Add independent isotropic Gaussian noise to each image
- \(\mathbf{x}_i^v \leftarrow \mathbf{x}_i^v+\sigma_i^v \mathbf{e}_i^v\) with \(\mathbf{e}_i^v \sim \mathcal{N}(\mathbf{0}, I)\) and \(\sigma_i^v\) uniformly sampled from \(\left[0, \sigma_{\max }\right]\)
Details
-
provide the decoder with information on the noise level \(\sigma_i^v\)
( to help it separate noise from the GT image )
-
motivated by denoising diffusion methods
- pass both the noisy image & noise level as inputs to the denoising model
- achieve this by using \(\sigma_i^v\) as a positional encoding in the decoder
Step 1) produce a sinusoidal embedding of \(\sigma_i^v \in \mathbb{R}^d\)
Step 2) passed through a lightweight 2 layer MLP with ReLU activations
- produce a (learnable) embedding \(\mathbf{p}_i^v \in \mathbb{R}^d\),
- dim = same as \(\mathbf{z}_i^v \in \mathbb{R}^{T \times d}\).

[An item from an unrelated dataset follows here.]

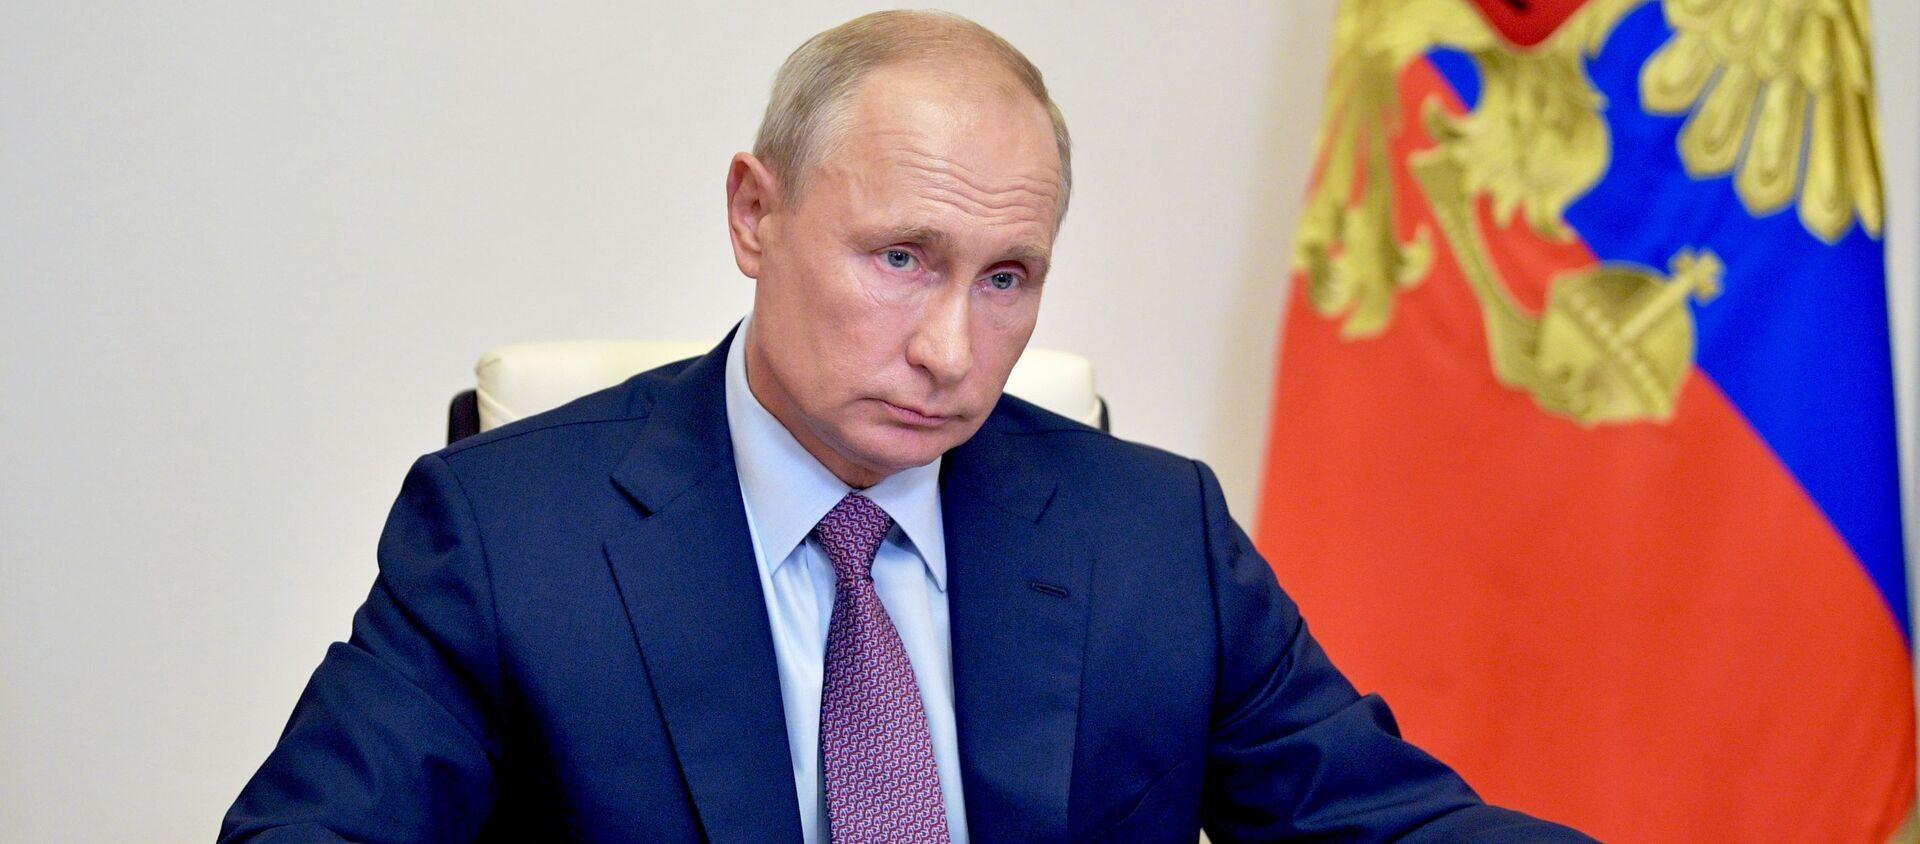 Vladímir Putin, presidente de Rusia - Sputnik Mundo, 1920, 22.10.2020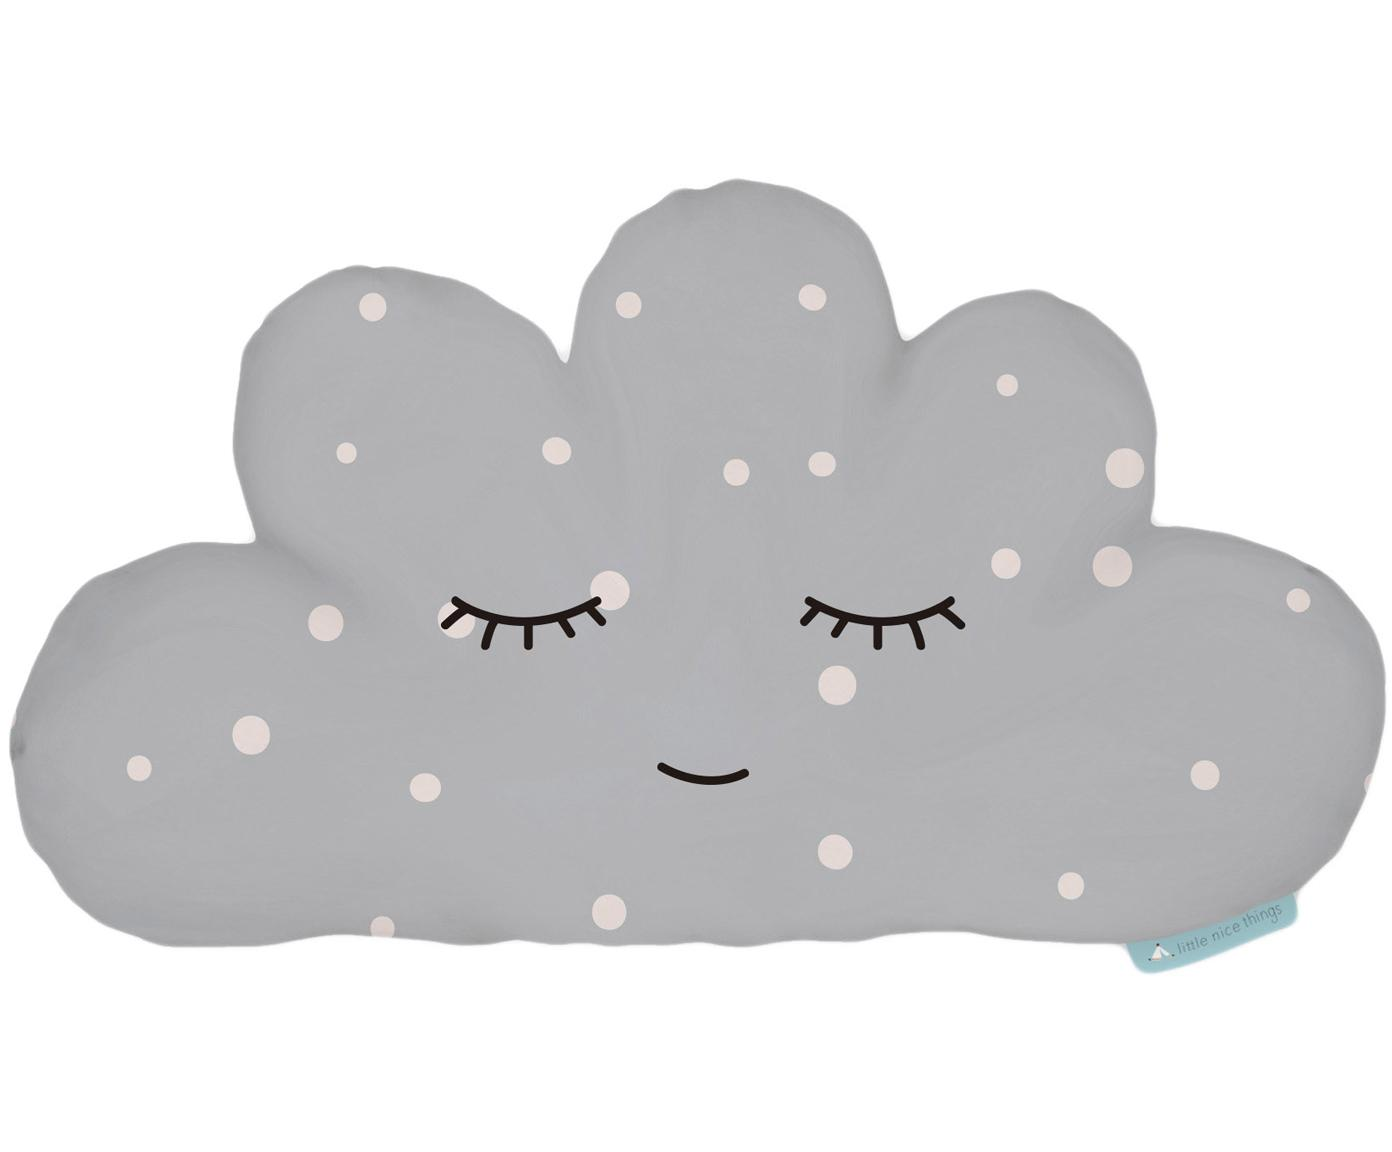 Knuffelkussen Cloud, Polyester (microvezels), Grijs, wit, zwart, 21 x 42 cm

Step 3) add \(\mathbf{p}_i^v \in \mathbb{R}^d\) to each embedded token ( & missing tokens \([\mathrm{M}]\) )
-
to provide noise-level information
-
\(\left(\mathbf{z}_i^v\right)_t \leftarrow\left(\mathbf{z}_i^v\right)_t+\mathbf{p}_i^v\) for \(t=1 \ldots, T\),
Step 4) pass the result to the decoder to produce \(\mathbf{x}_i^v\).
Loss Function
- computed only on unmasked pixels
- \(\mathcal{L}_{\text {denoise }}=\frac{1}{2 n} \sum_{v=1,2} \sum_{i=1}^n \mid \mid \left(1-\mathbf{M}_i^v\right) \circ\left(\sigma_i^v \mathbf{e}_i^v-\hat{\mathbf{x}}_i^v\right) \mid \mid _2^2\).